- Birth name: Joseph Woodman Lutcher
- Born: 23 December 1919 Lake Charles, Louisiana United States
- Died: 29 October 2006 (aged 86) Los Angeles, California
- Genres: R&B, jump blues, gospel
- Occupation(s): Bandleader, saxophonist, songwriter
- Instrument(s): Alto saxophone, vocals
- Years active: 1945–1953
- Labels: Specialty, Capitol, Modern, Jordan

= Joe Lutcher =

American R&B saxophonist and bandleader (1919–2006)

Joseph Woodman Lutcher (23 December 1919 – 29 October 2006) was an American R&B saxophonist and bandleader, the younger brother of singer Nellie Lutcher. He performed and recorded successfully in the 1940s, but later abandoned a commercial musical career and became an outspoken member of the Seventh-day Adventist Church.

==Early life and musical career==

He was born in Lake Charles, Louisiana, one of ten surviving children (out of 15) of Isaac and Susie Lutcher. Isaac and his children formed a small band, in which Joe played saxophone. By 1941, he had moved to Los Angeles, California, joining his sister Nellie who had relocated there in the mid-1930s. He was drafted into the US Navy in 1942, leaving in 1945 and returning to Los Angeles.

He led the house band at the Look Café in Los Angeles, before relocating to the more prestigious Café Society, where his band were renamed The Society Cats. He also worked as a bandleader for Nat King Cole, Sammy Davis Jr. and the Mills Brothers. In 1947 he was heard by Art Rupe, who signed him to his new record label, Specialty. However, Lutcher was unhappy with Rupe's request that he only record slow blues, and at the behest of his sister Nellie also recorded (as "Joe Lutcher's Jump Band") for Capitol Records. Joe Lutcher's first hit was "Shuffle Woogie" on the Capitol label, which reached # 10 on the Billboard "Race Records" chart in March 1948. "Rockin' Boogie", on Specialty, reached # 14 in September 1948. Besides Lutcher on alto saxophone and occasional vocals, members of his band included Karl George on trumpet, Bill Ellis and Leon Beck on saxes, Harold Morrow on piano, Bill Cooper on bass and novelty vocals, and drummer Dick "Booker" Hart, sometimes augmented with vocals by actor Cliff Holland. It has been written of Lutcher that many of his recordings "have unusually moody, complex and sometime humorous arrangements that are reminiscent of Frank Zappa's later recordings."
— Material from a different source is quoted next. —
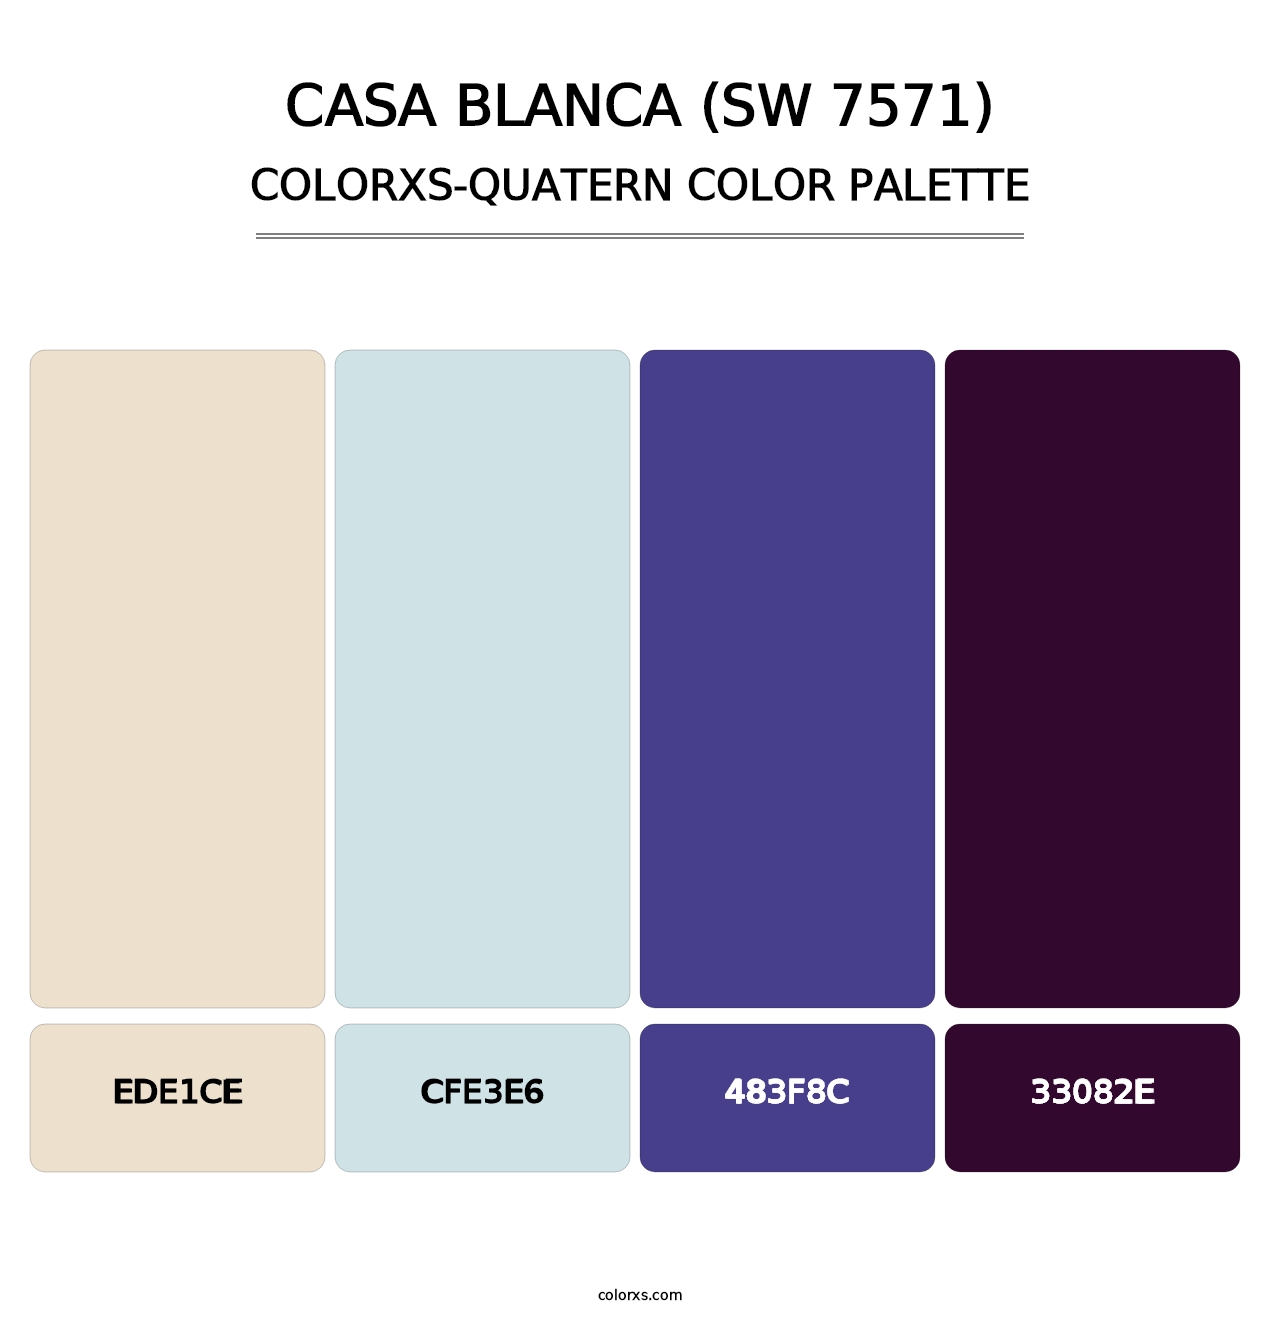 Casa Blanca (SW 7571) - Colorxs Quatern Palette

In 1949 he signed with Modern Records, where he recorded his own composition, "Mardi Gras". Lutcher's version reached # 13 on the R&B chart, but the tune became better known in later modified versions by Professor Longhair and Fats Domino. He later recorded for Peacock Records in Houston, Texas, and for several smaller labels, but with diminishing success.

==Later life==
In 1953, Lutcher joined the Seventh-day Adventist Church in Los Angeles, and abandoned the music business, refusing to pay musicians' union dues because Church tenets prohibited union membership. In 1957, he discussed religious matters with Little Richard, following which, during a tour of Australia, Little Richard resolved also to give up playing what was described as "the devil's music". Lutcher joined Penniman in Bible studies, and they toured the country together as The Little Richard Evangelistic Team, preaching the word of God to reportedly enthusiastic crowds.

Lutcher later set up a gospel record shop and a record label, Jordan Records, which released recordings by himself and by The Gospelaires and The Jordan Gospel Singers. In 1974, he agreed to lead the Watts Community Symphony Orchestra in a series of concerts, bringing him into legal conflict with the musicians' union. In later years he refused all requests to discuss his earlier secular music career.

==Death==
He died in Los Angeles in 2006, aged 86.